# Beardies sexing?



## Justdragons (Dec 16, 2011)

Hello APS,
just having a look at my trio of bearded dragons today and i think i may have 3 males... Im not heaps sure as they are still a little young but i have a feeling that this is the case.. it would explain why i have to keep all 3 apart now and why they have always bickered. 

My plan since the start was 1 male 2 female and since they are all clouring up really nicely, im a little bummed. 

I know that i could sell these guys but it took me ages to hunt down rick walker and im happy with these little guys but im getting another hypo dragon soon and im hoping for male.

do i sell these 3 little fellas? do i sawp one or 2? i just cannot afford to house and feed another 3 beardies plus the one im getting and my ewd and my snakes. lol

the only thing holding me back a little is that they have had a bit of bickering. one guy has lost a few back toes and one was born with a kink tail. lol i have a trio of beautiful rejects, does this thing stop people wanting them?

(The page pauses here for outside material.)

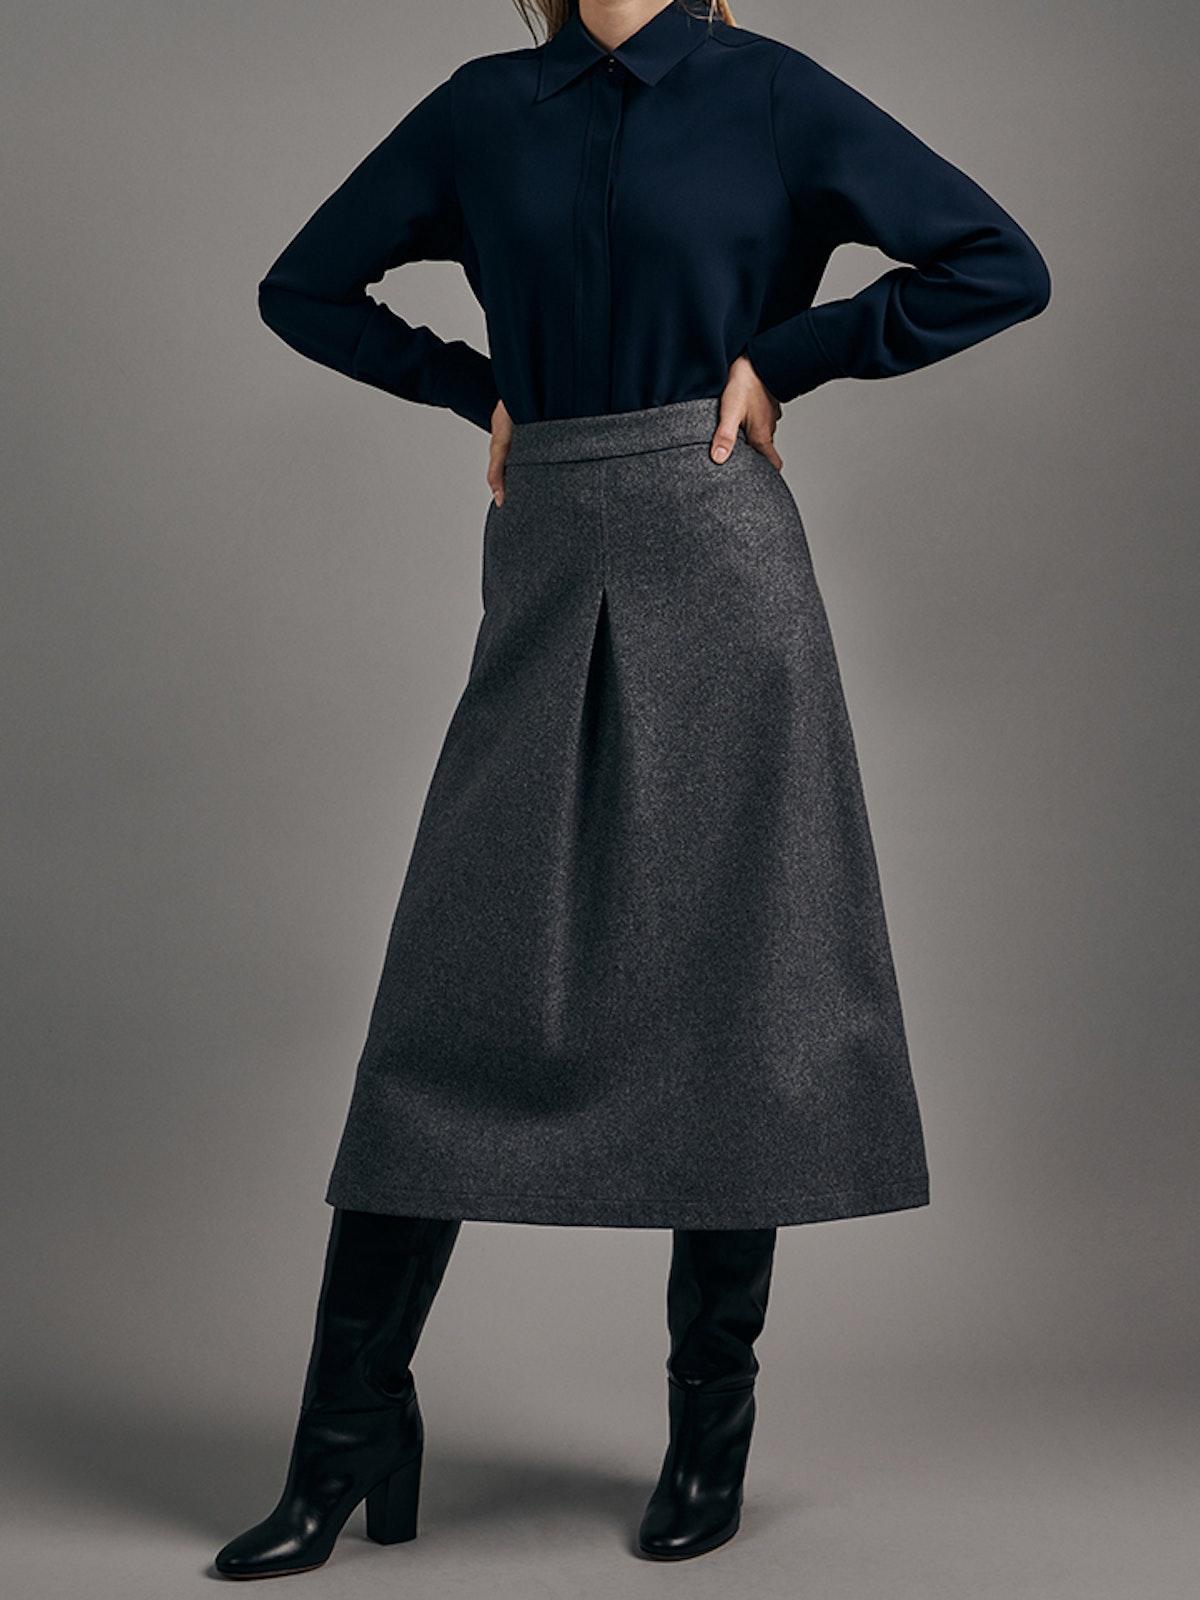 Röcke | Seidensticker

The only thing i dont like about beardies is that they do fight and take toes and tails when it happens.

Im not trying to sell these or anything now, Im just after a little advice from more experianced people. also where down south can i get them sexed in Adelaide??? reptile city? 

Cheers Toby


----------



## miss2 (Dec 16, 2011)

pics toby? people might be able to give you an opinion on there sex. how old are they?


----------



## nagini-baby (Dec 16, 2011)

as said before pics would be needed to help, side on head shots and a pic from behind with the tail lifted up


----------



## Justdragons (Dec 16, 2011)

okay cool ill do it when i get home, I think they are about 5-6 months old. i think one maybe a little older maybe a month or so.

cheers guys.


----------



## feathergrass (Dec 16, 2011)

actually some people see toes missing and kinks in tails as damage but seriously sometimes its those things that help give charature


----------



## Justdragons (Dec 16, 2011)

feathergrass said:


> actually some people see toes missing and kinks in tails as damage but seriously sometimes its those things that help give charature



i couldnt agree more, plus these things wont harm their breeding at all and all 3 of them are really great looking beardies and all have great personalities.


----------



## maddog-1979 (Dec 16, 2011)

reptile city should be able to sex them for you, how old are they? i'm south adelaide too, i got some hatchies i will be holding back this season, so could do some swaps if ya want  not going to know what sex's i have for a while yet tho , haha


----------



## miss2 (Dec 16, 2011)

hurry up and go home so we can see pictures haha:lol:


----------



## Justdragons (Dec 16, 2011)

lol im waiting myself.. stupid work. hahah will it matter that 2 of them are in slough heaps bad right now?? they might be done by thew time i get home.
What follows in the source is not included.